Methyl Succinic Acid - does anyone know anything about it from a medical standpoint?

Someone recently told me that they have high levels of Methyl Succinic Acid. The only thing I can find is that it is a poison. Would there be any medical reason that it may occur in the body or should they be concerned that they are being poisoned somehow?
Answer:
Dear BPD Wife (who henceforth shall be honorary called Dr. HOUSE MD) http://www.fox.com/house/ because of this tough question.

A person that has elevated methyl succinic acid? Very rare case in deed. The closes found in the medical literature and references is this excerpt from Acta Paediatr Jpn. [ACTA Paediatrica Japonica (Tokyo)] Feb 1990
http://www.jpeds.or.jp/english/welcome.h...

Organic acid and acylcarnitine profiles of glutaric aciduria type I.
Matsumoto M, Matsumoto I, Shinka T, Kuhara T, Imamura H, Shimao S, Okada T.
Division of Human Genetics, Kanazawa Medical University, Ishikawa, Japan.

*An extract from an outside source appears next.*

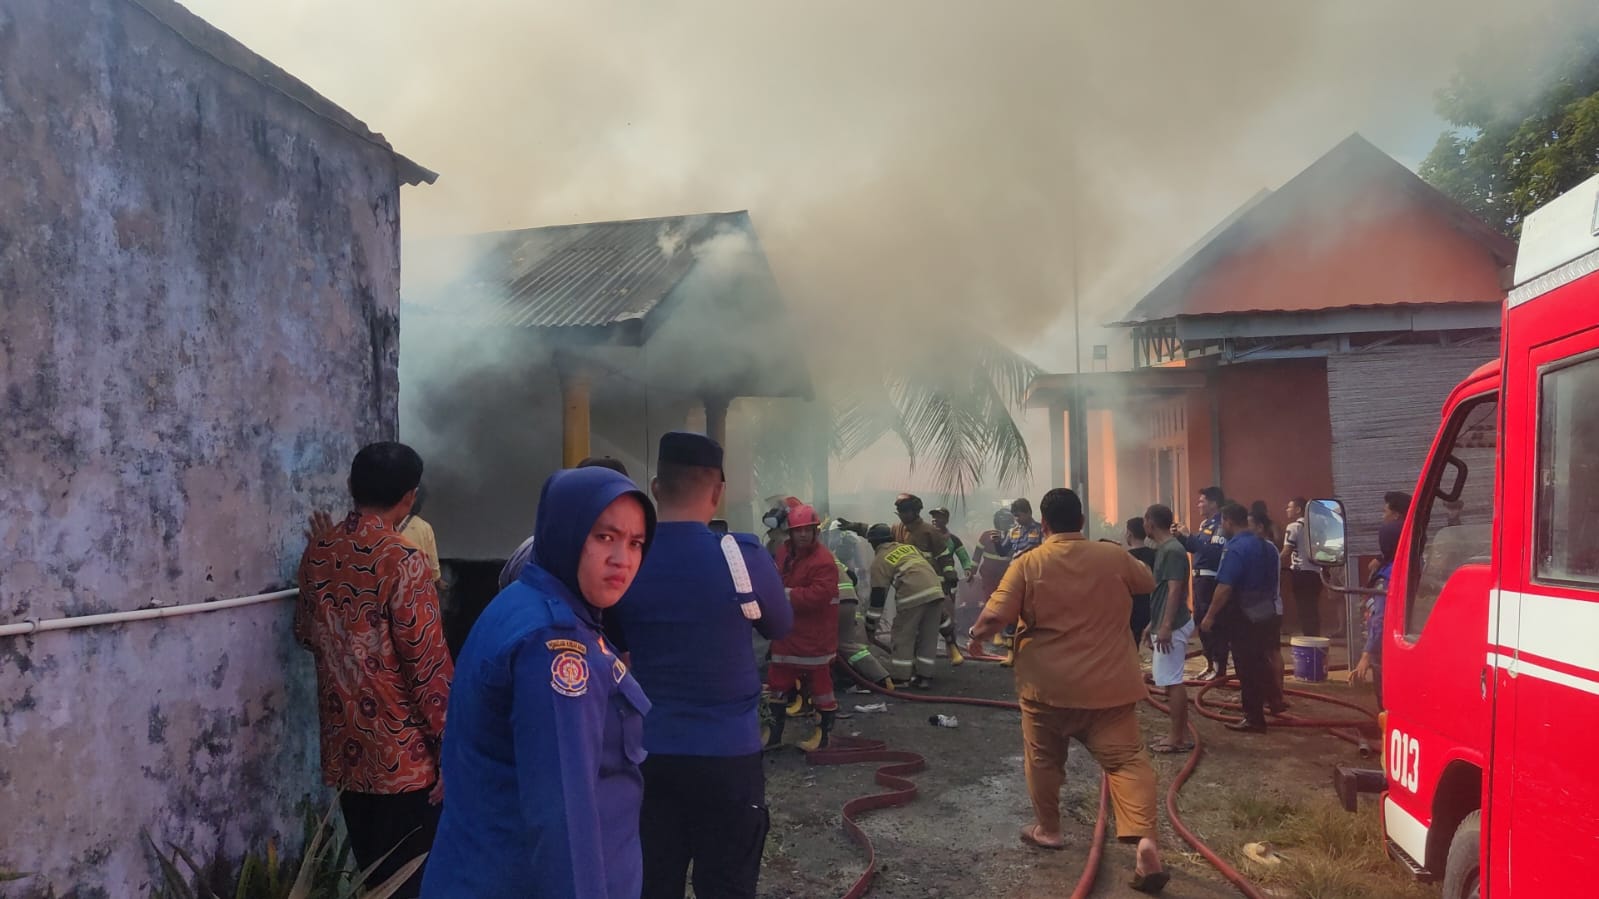 Rumah Kontrakan Milik Caleg Terbakar, Sejumlah Barang Penghuni Rumah Hangus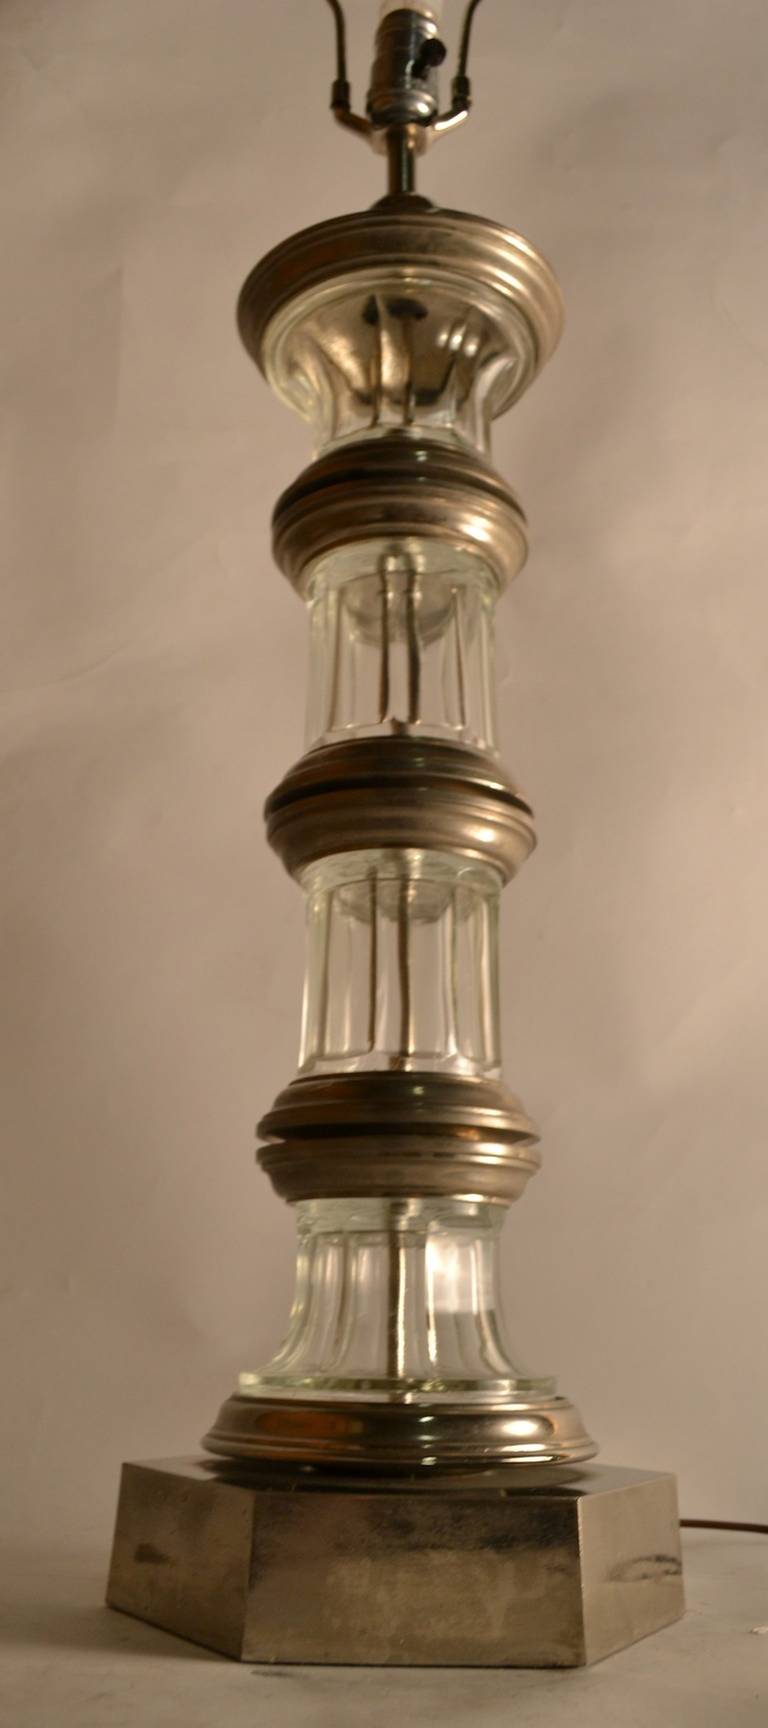 Säulenlampe aus Silber und Glas, Paul Hanson zugeschrieben. Elegantes Design und hohe Qualität. Original-Farbton vorhanden, aber so wie er ist.

Urinary organic acid and acylcarnitine profiles from a 2-month-old boy were studied by gas chromatography-mass spectrometry and fast atom bombardment mass spectrometry. The patient excreted large amounts of glutaric acid and significant amounts of 3-hydroxyglutaric acid, glutaconic acid and glutarylcarnitine, and his serum glutaric acid level was markedly elevated. Thus he was chemically diagnosed as having glutaric aciduria type I (GAI).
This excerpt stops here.